Recorded data.
"""

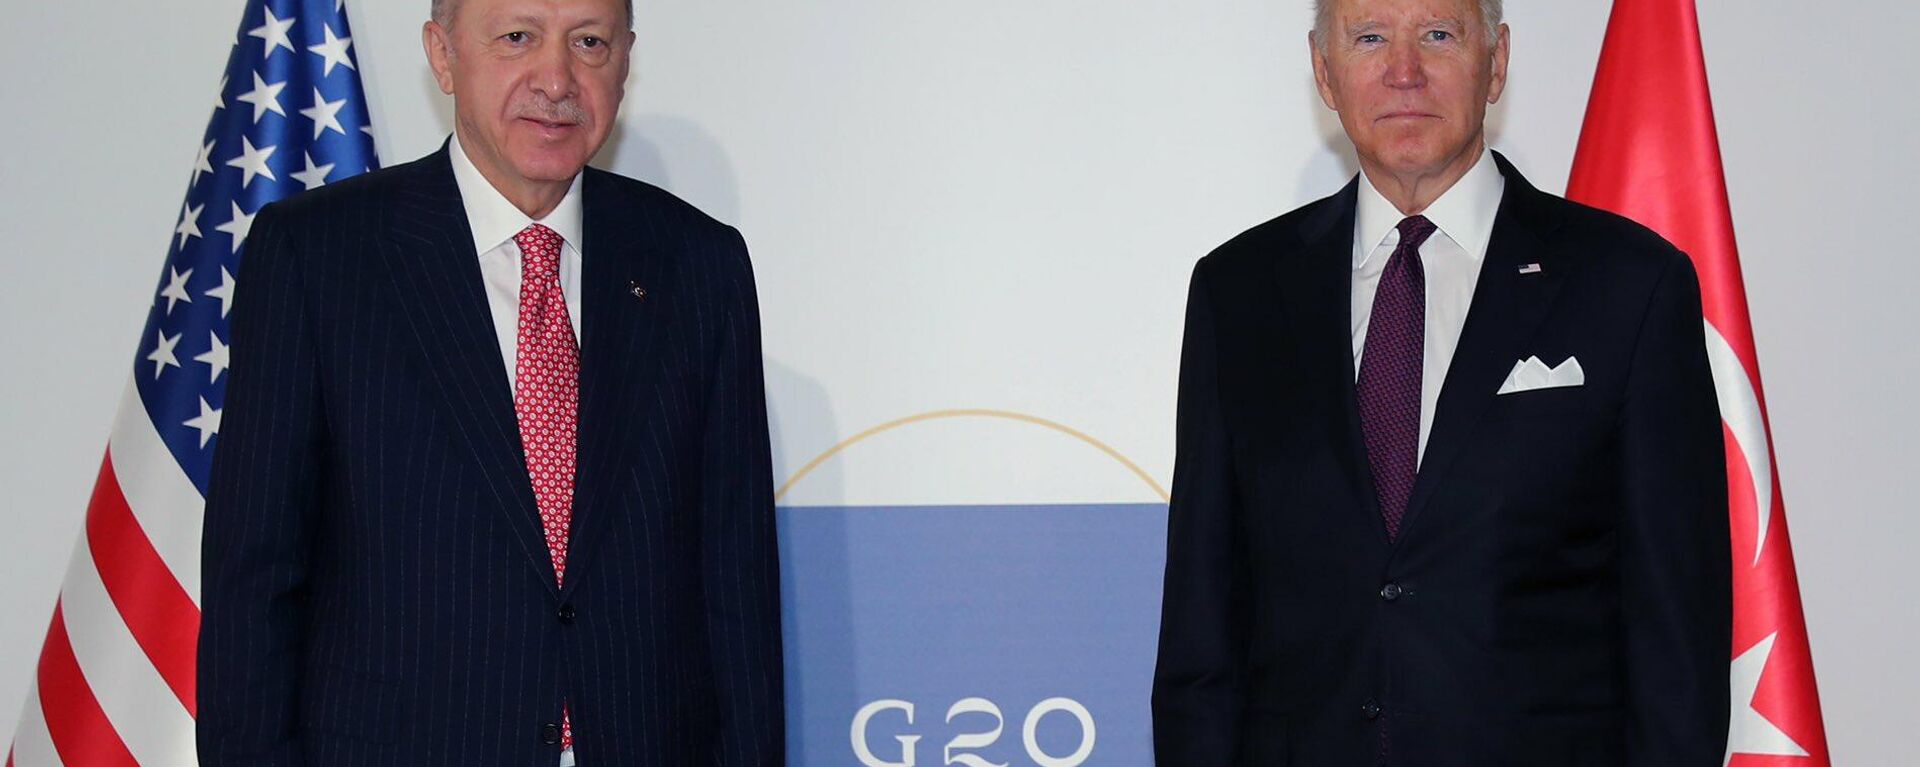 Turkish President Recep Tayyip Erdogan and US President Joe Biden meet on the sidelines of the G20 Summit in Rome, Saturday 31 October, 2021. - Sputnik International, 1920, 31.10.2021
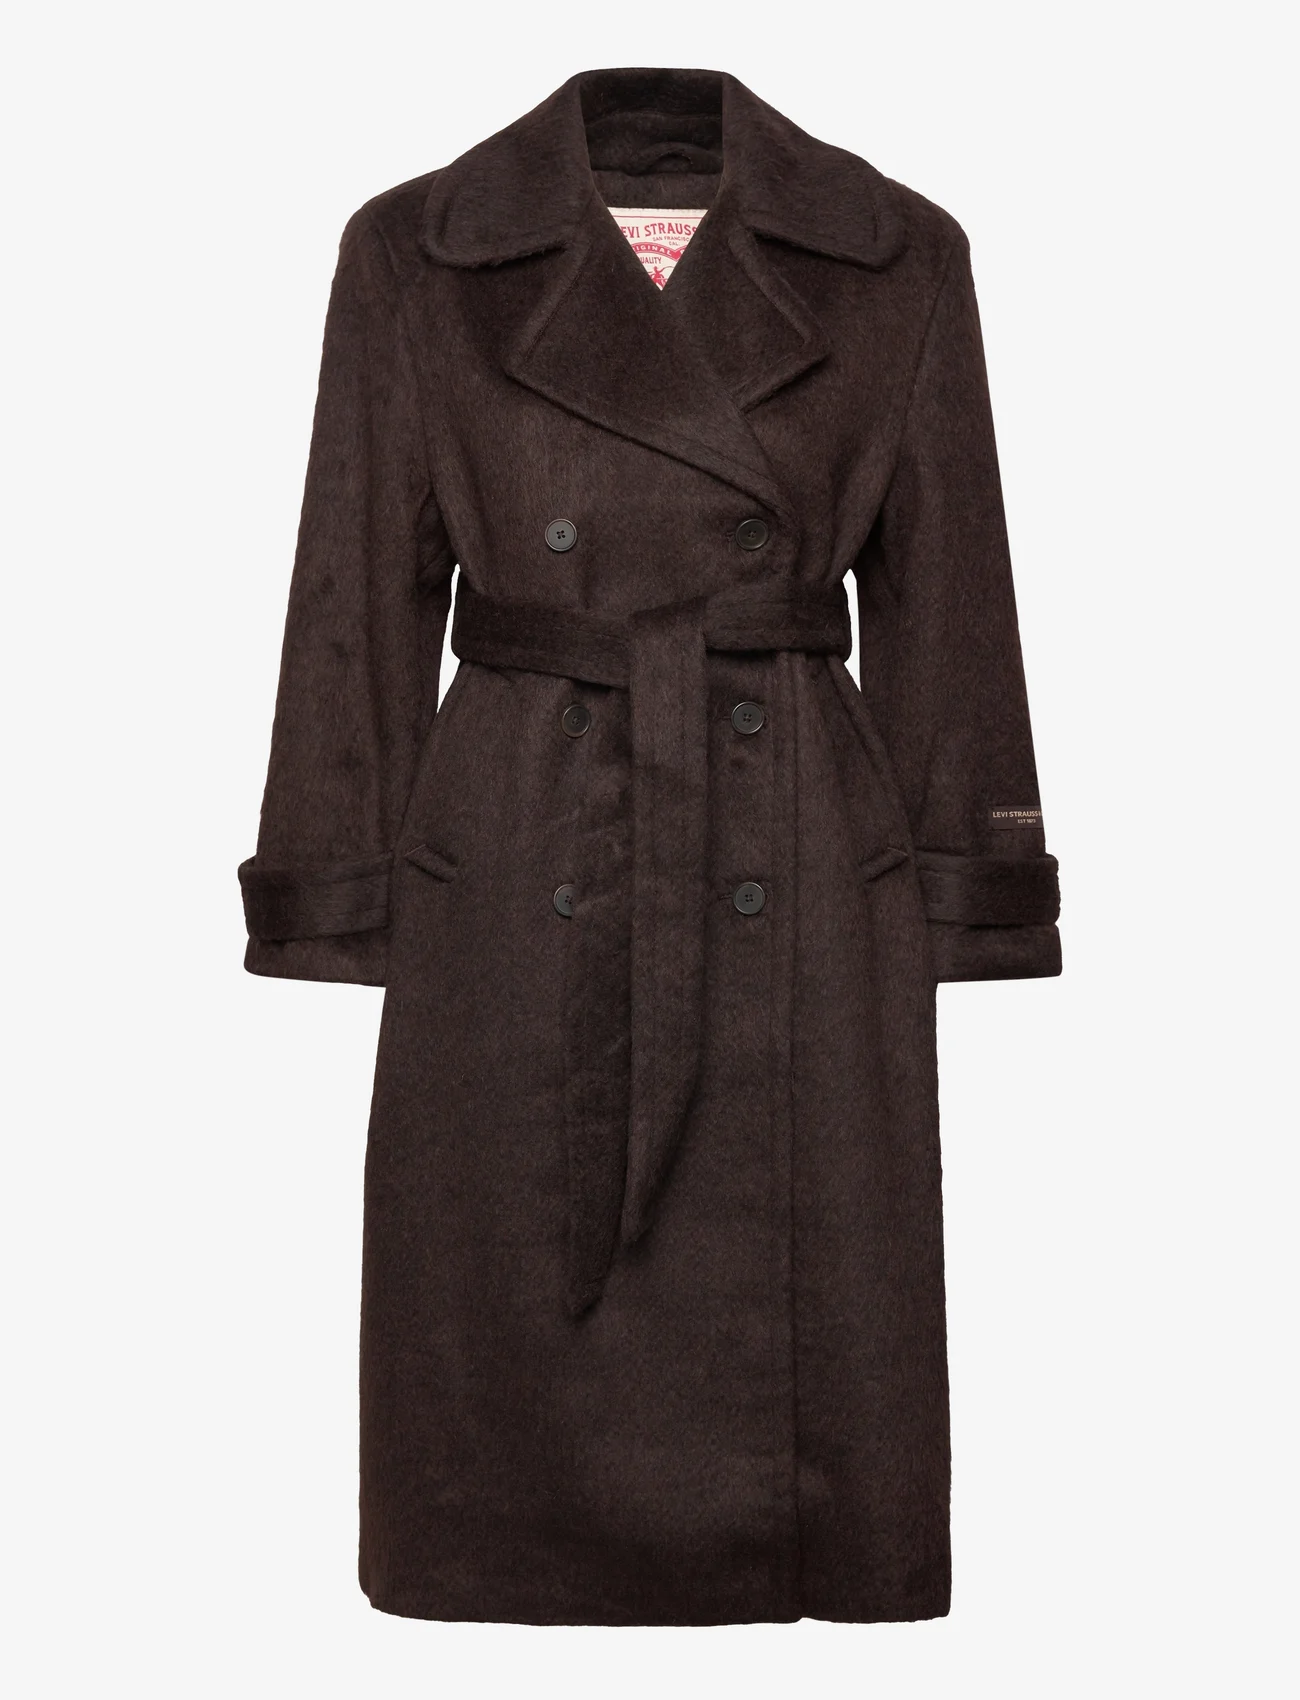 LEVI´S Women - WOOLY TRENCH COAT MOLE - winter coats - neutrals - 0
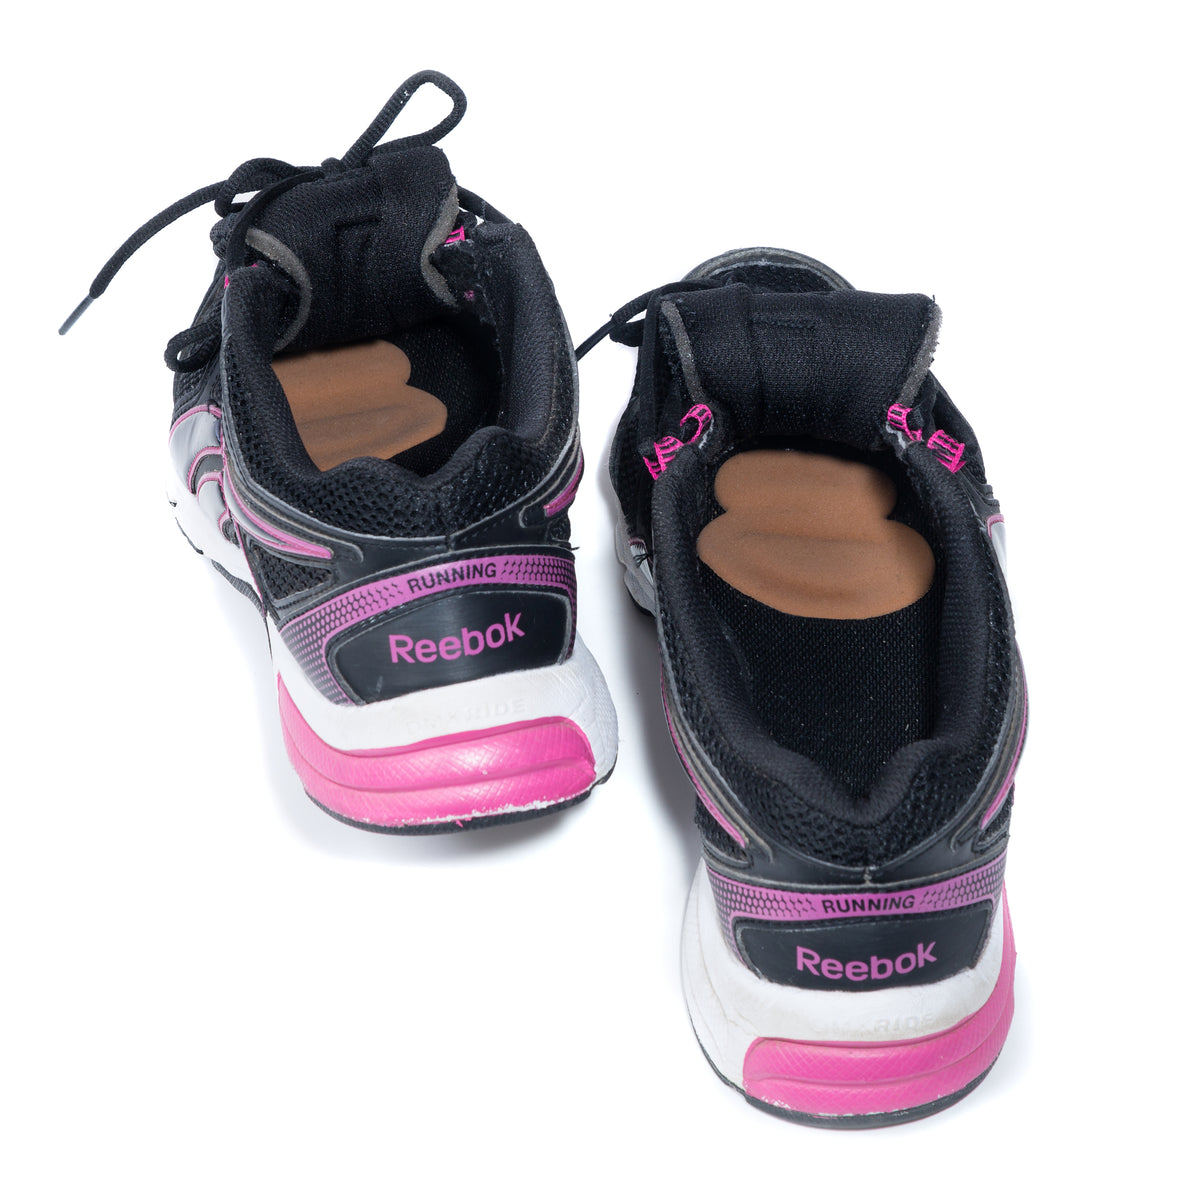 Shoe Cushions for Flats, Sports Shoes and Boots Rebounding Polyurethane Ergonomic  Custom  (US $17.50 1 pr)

"""

Work request. I would like the material repeated in full and exactly, with its images omitted.

Task output.
 Turkish President Recep Tayyip Erdogan and US President Joe Biden meet on the sidelines of the G20 Summit in Rome, Saturday 31 October, 2021. - Sputnik International, 1920, 31.10.2021
 LEVI´S Women - WOOLY TRENCH COAT MOLE - winter coats - neutrals - 0
 Shoe Cushions for Flats, Sports Shoes and Boots Rebounding Polyurethane Ergonomic  Custom  (US $17.50 1 pr)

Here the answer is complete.